La prueba legalmente preceptuada para establecer el estado de familia es el título de estado, que se logra con el instrumento o conjunto de instrumentos públicos de los cuales surge el estado de familia56.

Corresponde, entonces, acompañar las respectivas partidas o documentos que puedan ser computados a tal fin. En este caso, se podrá acompañar una fotocopia certificada de la sentencia de separación personal, o el propio expediente; esta última prueba es de mayor valor para verificar si la sentencia se halla consen­tida y debidamente notificada. También se puede probar la culpa­bilidad en el divorcio mediante la partida de casamiento en cuyo margen se ha inscrito aquél.
263. Efectos de la exclusión hereditaria: enunciación.
La exclusión hereditaria conyugal produce efectos respecto del cónyuge excluido, respecto de sus descendientes y respecto de terceros.
264. A) Efectos respecto del excluido: principio.

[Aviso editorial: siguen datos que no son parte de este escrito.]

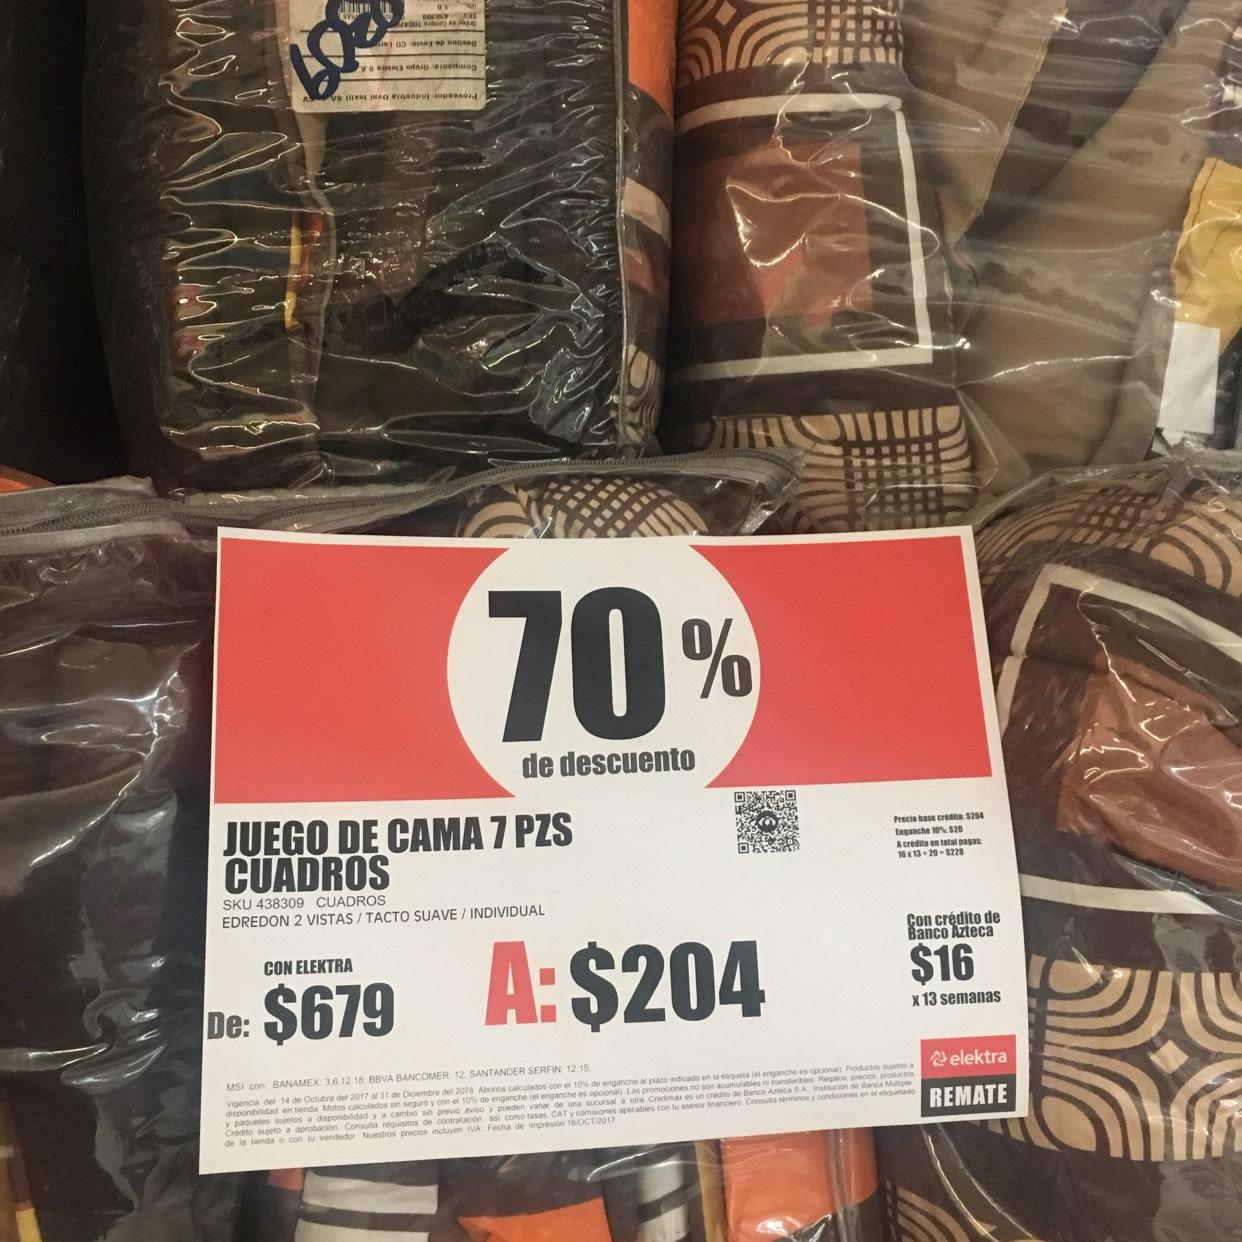 Elektra Tienda de Remates Cuautitlán Mexico: Juego de cama (edredón y más)

El efecto de la exclusión del cónyuge consiste en su separa­ción de la herencia, considerándolo como si nunca hubiera sido heredero.

Si se ha dictado declaratoria de herederos, ésta deberá ser modificada, excluyendo de ella al cónyuge. Si no se ha dictado dicha declaratoria, no se podrá incluir en ella al cónyuge.

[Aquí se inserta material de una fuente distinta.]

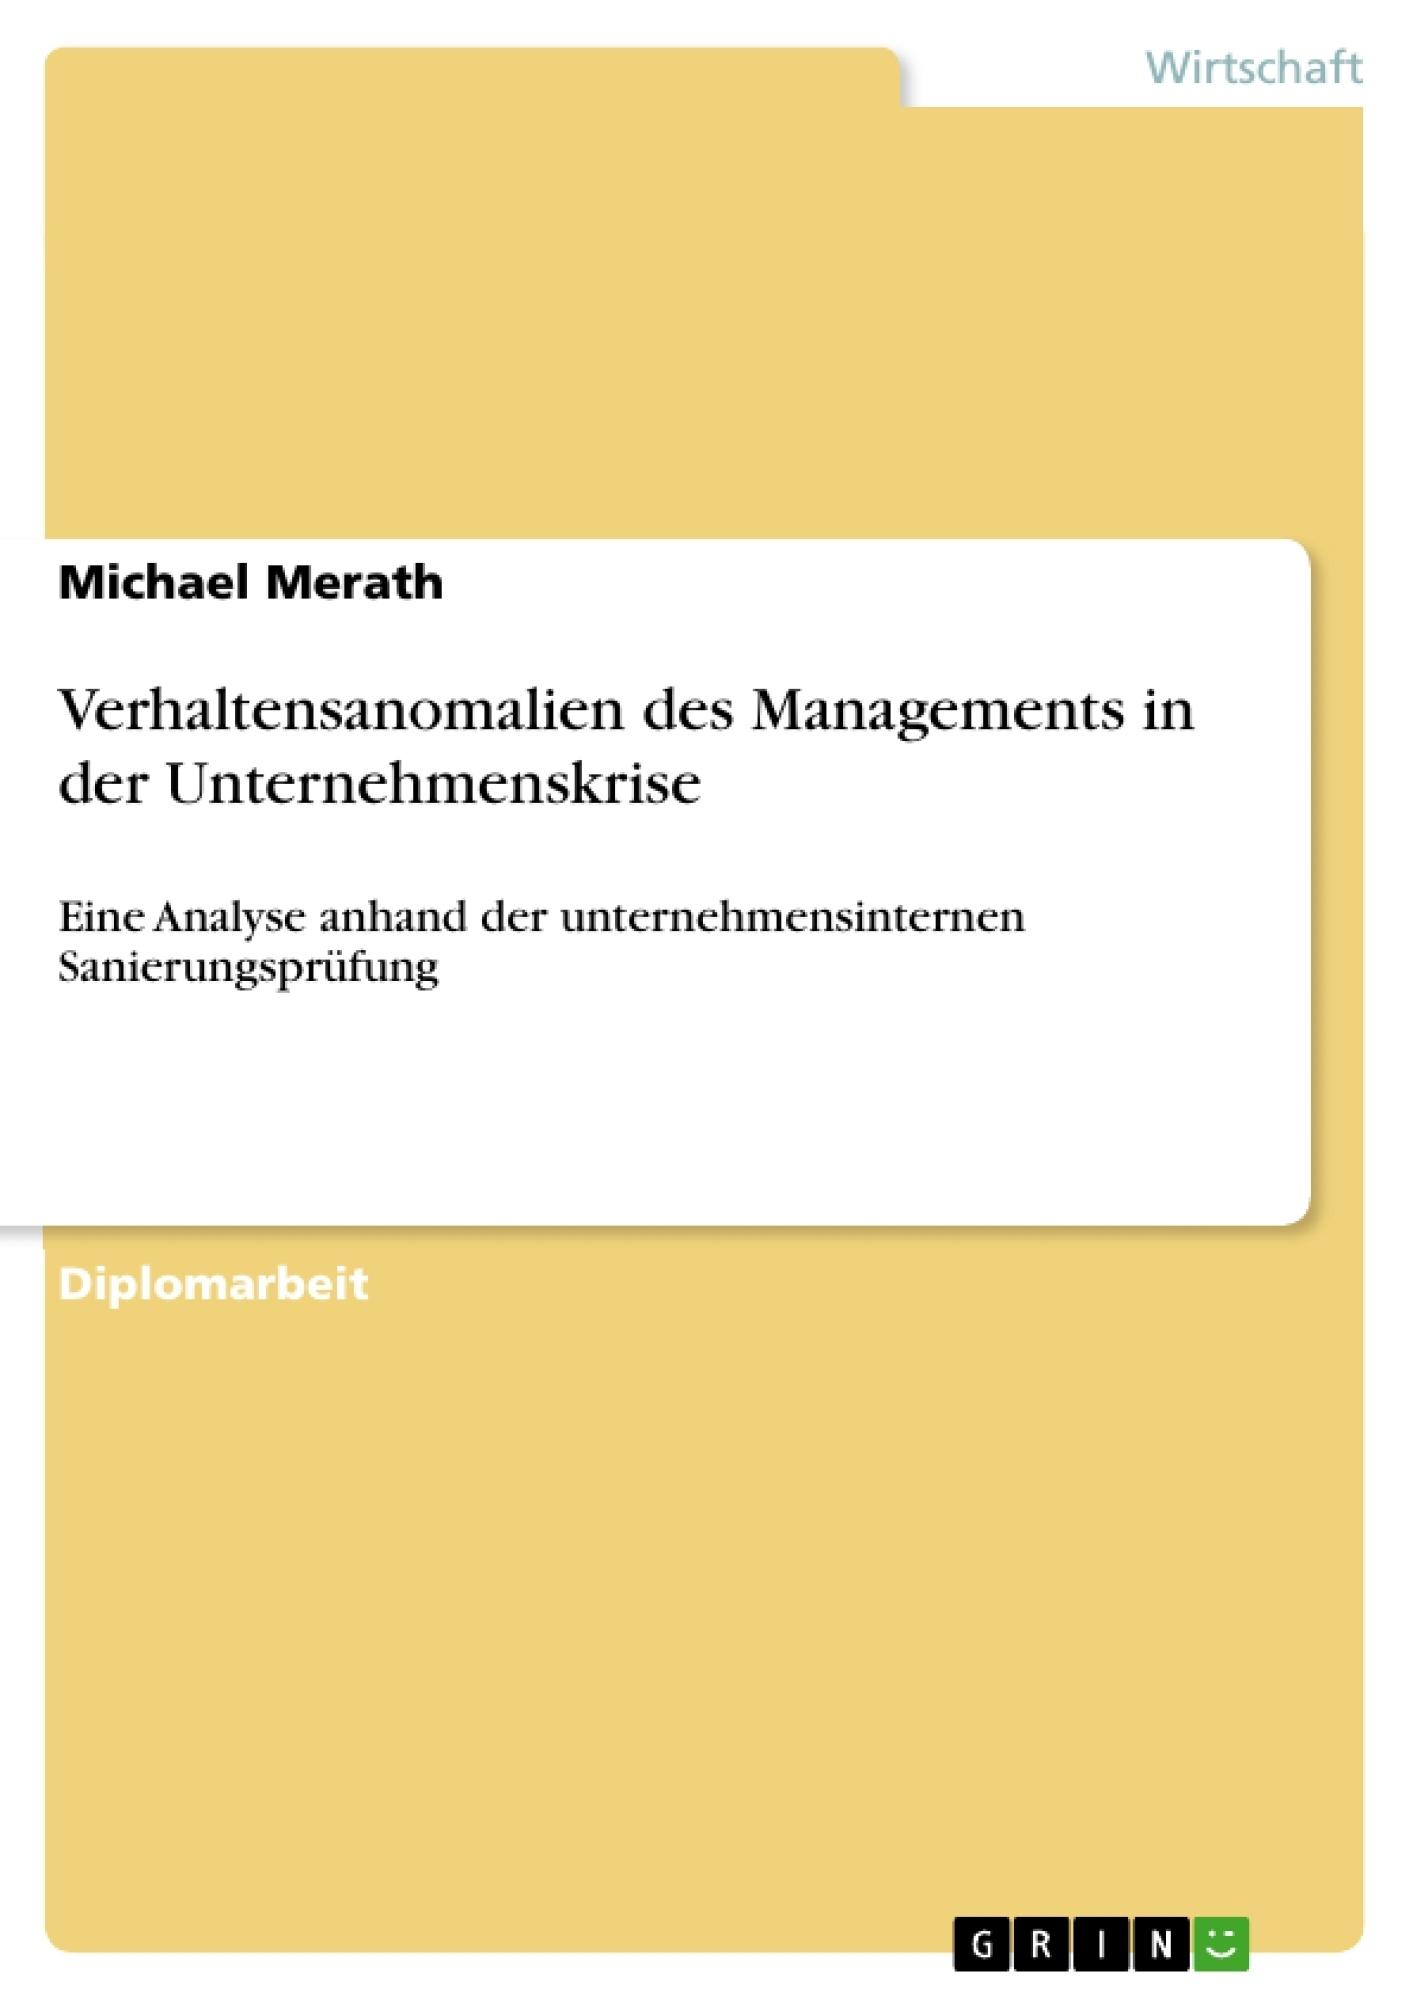 Titel: Verhaltensanomalien des Managements in der Unternehmenskrise

Este efecto principal acarrea importantes consecuencias si el excluido ha entrado en posesión de los bienes hereditarios, ya con declaratoria de herederos en su favor, ya sin ella, pues entonces deberá restituir los bienes a quienes correspondan.

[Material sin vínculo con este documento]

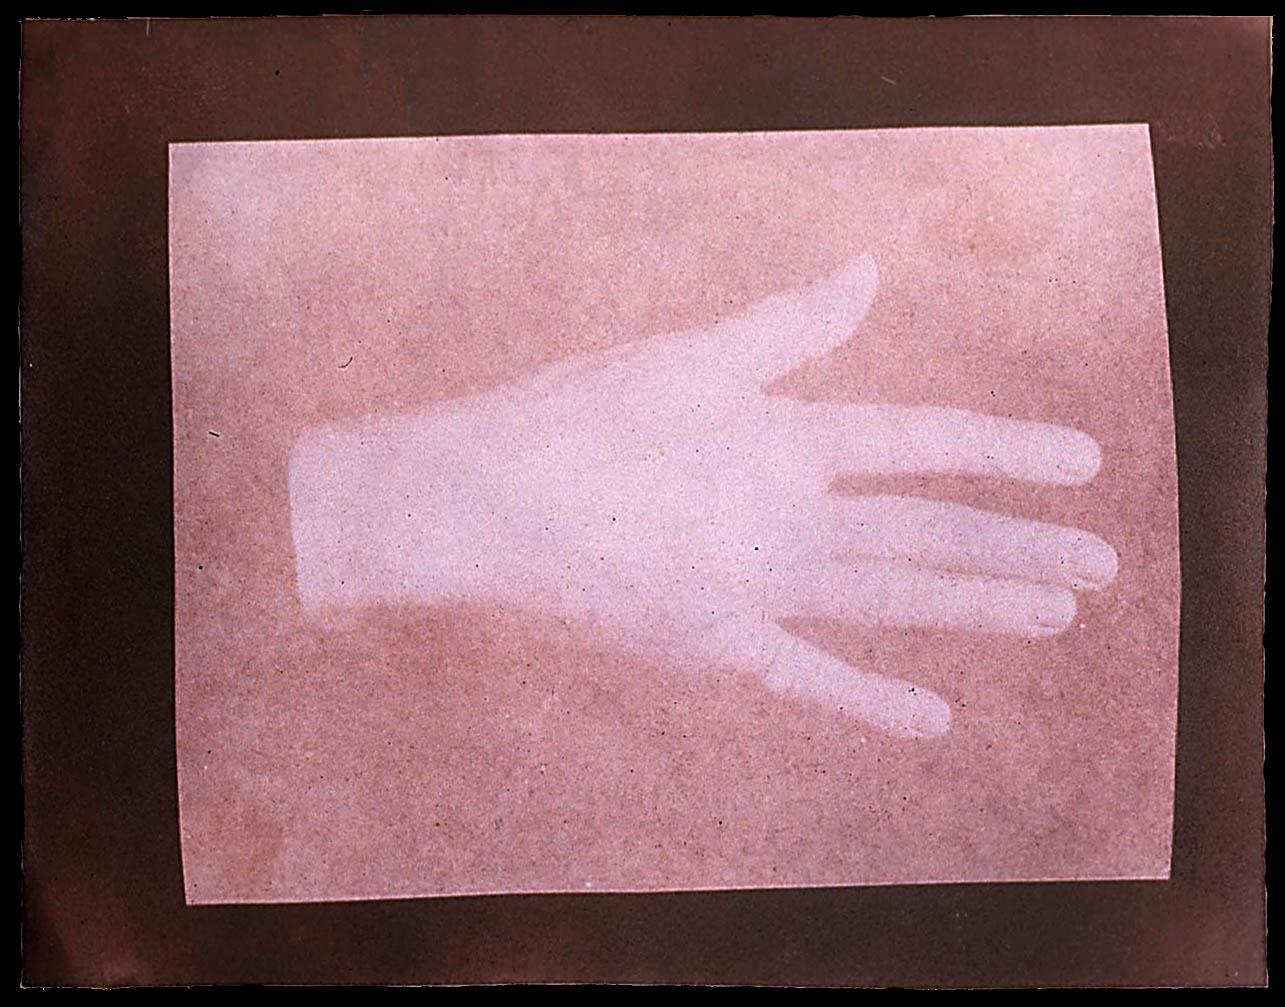 SC3684-hand-NMeM-1937-369-29

Aun cuando se excluya a la cónyuge de la declaratoria de herederos, ella puede seguir participando en el proceso sucesorio si no ha sido liquidada la sociedad conyugal en el juicio de di­vorcio. Ello, porque la mitad de los bienes de ésta le correspon­den a título de socia de la sociedad conyugal que se ha disuelto con el divorcio, y que no deben ser incluidos en el acervo here­ditario. Pero a los fines de la partición, aun cuando haya sido excluida como heredera, puede participar en el sucesorio.
265. Restitución de los bienes hereditarios.
El cónyuge excluido deberá restituirles a las personas a las cuales pase la herencia todos los objetos hereditarios de que hubiera tomado posesión (analogía art- 3305). Esta restitución comprende los siguientes aspectos:
a) Frutos. El cónyuge con sentencia de separación personal culpable, que ha entrado en posesión de la herencia, es, eviden­temente, un poseedor de mala fe. Por eso está obligado a entre­gar los frutos que haya percibido y los que por su culpa haya dejado de percibir (art. 2938).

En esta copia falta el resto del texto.